Tüm bu çalışma mevzuatını destekleyici hükümlerdeki yetersizliğe karşın, çocuklara sağlıklı ve güvenli bir ortam içinde çalıştırılmalarını sağlayıcı mevzuat hükümlerinin daha zengin bir içeriğe sahip bulundukları söylenebilir. Bunlarda da bazı eksikliklerin özel düzenleme boşlukları yüzünden ortaya çıktığı ve genel hükümlerden yararlanılmak zorunda kalındığını söylemek mümkündür. Nitekim, yollamada bulunulan 190 sayılı Tavsiye Kararı’ndaki bazı öngörüler konusunda, ancak genel hükümlerden yararlanılabilmektedir. Bu anlamda, çocukların tehlikeli yükseklikte veya dar alanlarda ya da uygun ısı, gürültü ve titreşim ortamları olmaksızın çalıştırılması yahut bunlara ağır yük taşıtılması konuları, genel hükümlerden yararlanmayı gerektirmektedir.

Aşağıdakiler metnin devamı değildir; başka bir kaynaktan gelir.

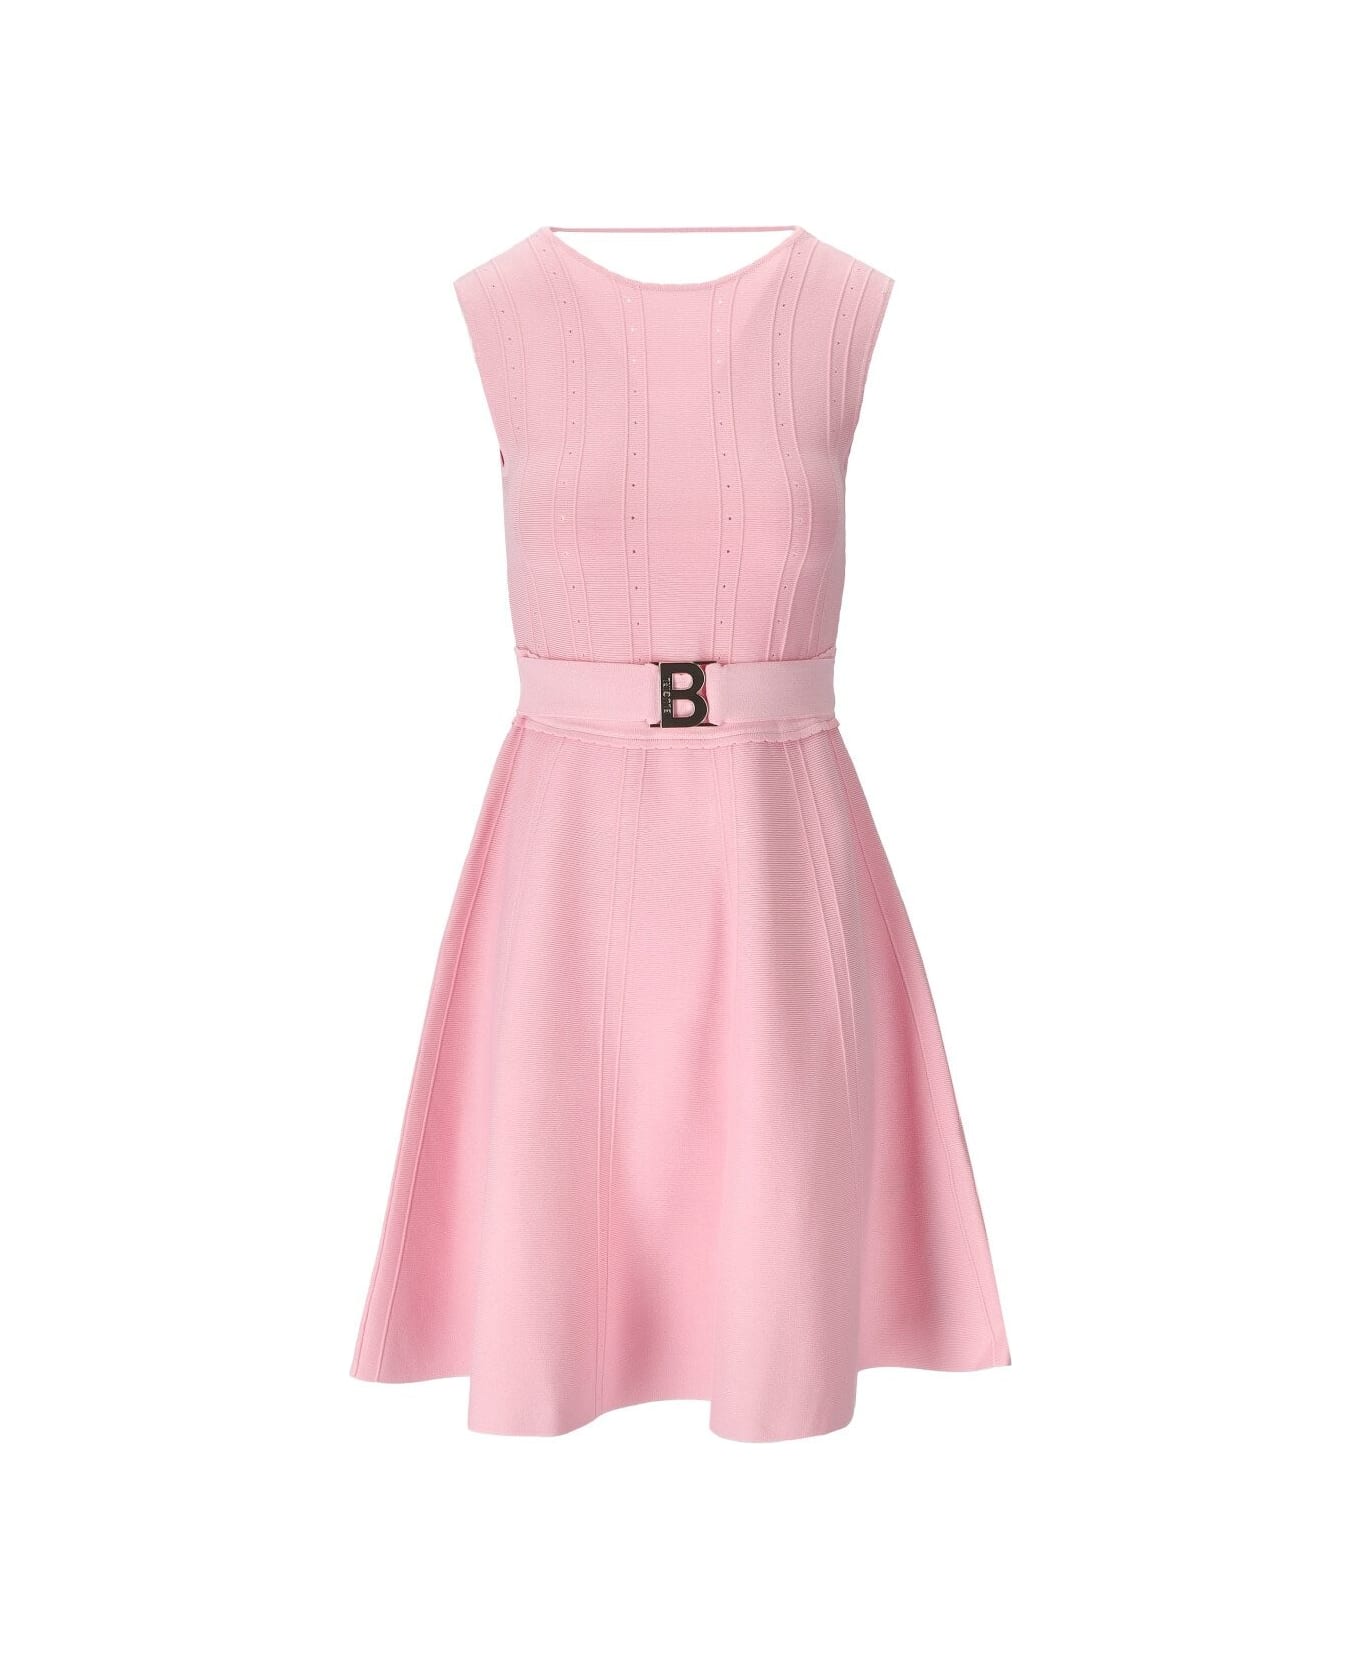 Blugirl Pink Knitted Dress Blugirl - PINK

Tüm bunlardan daha önemli olarak, başlıca iki temel noktanın, ileride Türkiye’nin başını ağrıtması beklenebilir. Bunlardan ilki, çocuk işçilerin çalışma koşullarına ilişkin koruyucu hükümlerden, sadece İş Kanunu’na tabi olanların yararlanmaları ve bunun dışındakilerin ise, gerekli korumadan yoksun bulunmaları gerçeğidir. Diğer önemli nokta da; ağır ve tehlikeli işler konusunda, İş Kanunu hükümleri içinde dahi, 182 sayılı Sözleşme’nin öngördüğü 18 yaş sınırının (m.2) gerisinde kalınıp 16 yaşa inilmiş olması ve sanayi dışındaki işlerde, gece döneminde çalışma yasağının, yine 18 yaştan 16 yaşa düşürülmüş bulunmasıdır. Çağdaş bir İş Kanunu çalışmalarına günümüzde tanık olan yasa koyucunun, bu hususları da dikkate almasında yarar görülmektedir.